The World Health Organization recommends that antibodies be used with two specific groups of COVID-19 patients to help ensure they survive the disease. There are two recommendations in the latest update on the topic, both based on evidence and data from a number of trials — some of which haven’t yet been peer-reviewed.
The recommendation covers a combo of imdevimab and casirivimab, two antibodies that help patients’ bodies fight the SARS-CoV-2 virus. Two specific groups of people are covered by the recommendation: patients who are at high risk of being hospitalized from COVID-19 even if they have a milder case, as well as patients whose bodies haven’t mounted antibody responses against the virus.
That latter group is reserved for patients who have severe or critical COVID-19 infections, with WHO citing the RECOVERY trial’s data on how these two antibodies reduced death rates among patients who have severe/critical infections. The antibodies also reduced the need for ventilators in patients whose immune systems weren’t able to produce antibodies against the virus.

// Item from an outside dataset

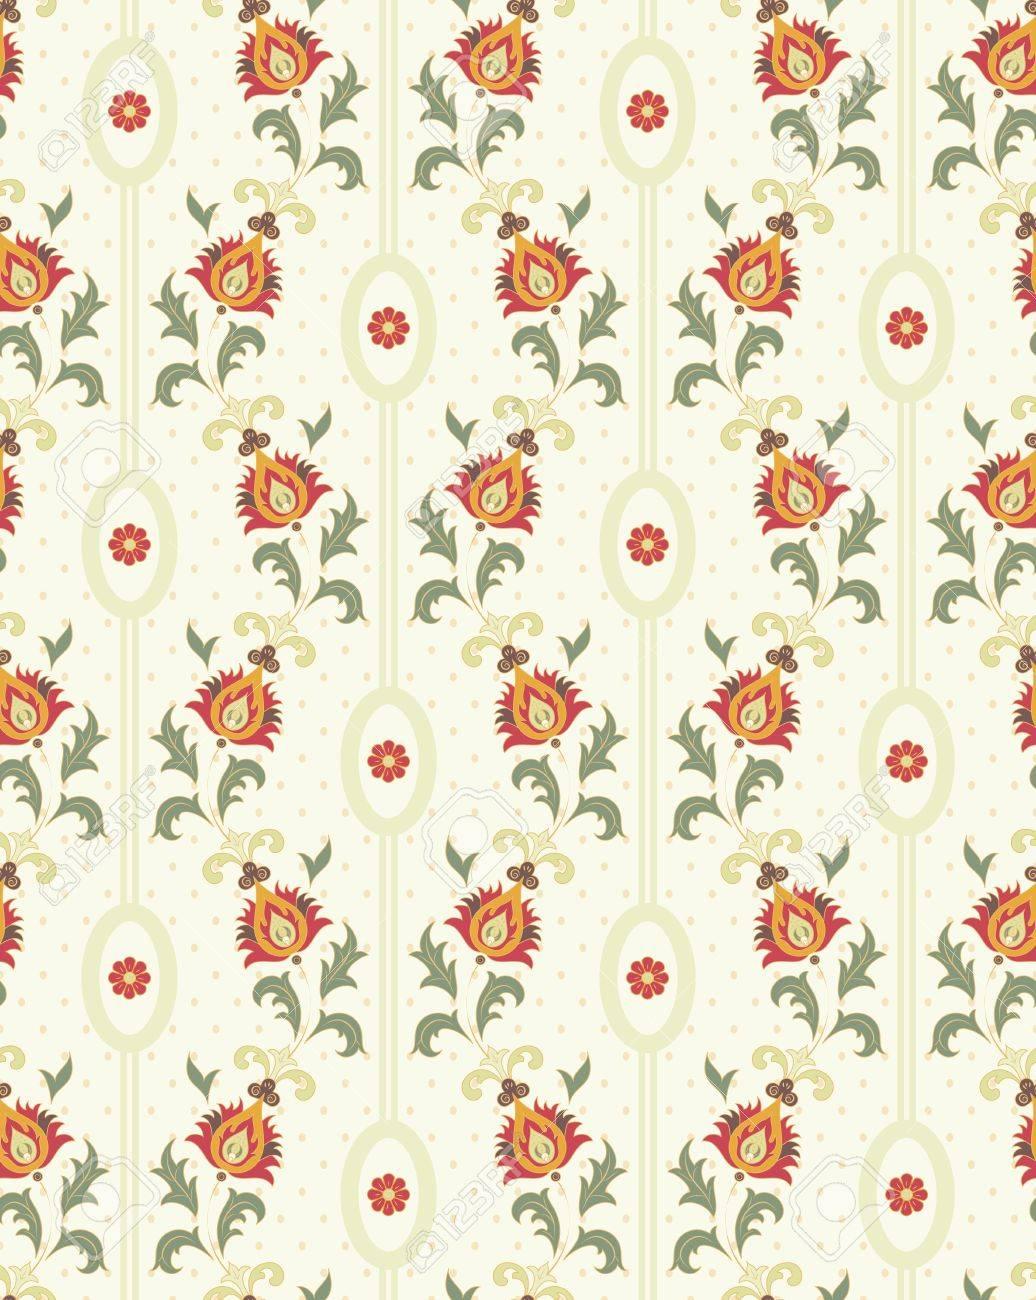 シームレスな花柄の図とレトロな壁紙のイラスト素材 ベクタ Image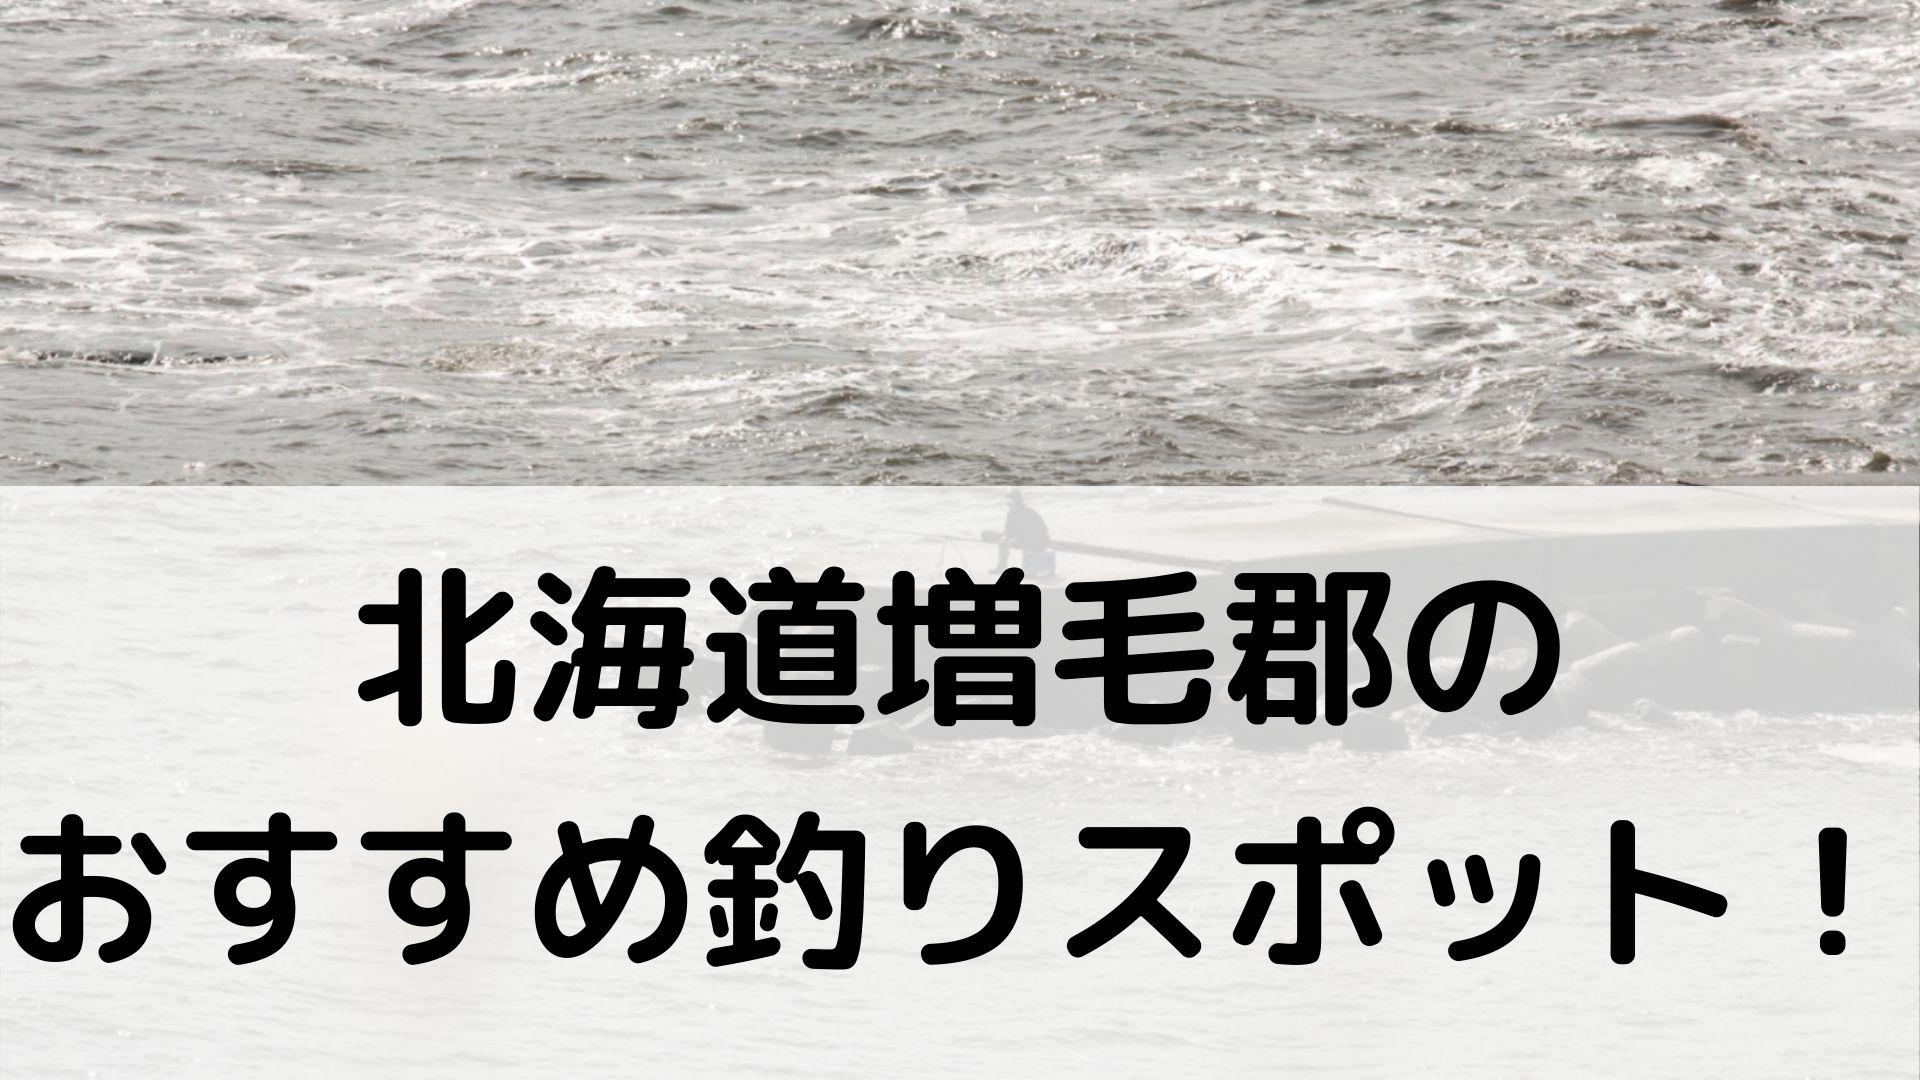 北海道増毛郡のおすすめ釣りスポットに関する参考画像

The recommendation to give these antibodies to non-severe at-risk patients, meanwhile, is based on three trials, which are still awaiting peer review. The data from these trials indicate that giving antibodies to these patients may reduce how long the COVID-19 symptoms last and their risk of hospitalization.
The World Health Organization explains that giving these antibody treatments to other COVID-19 patients is “unlikely to be meaningful.” The organization notes that these recommendations are made under its living guidelines, which are updated when new data is available. As well, WHO says that it is possible new variants may arise against which these antibodies are less effective.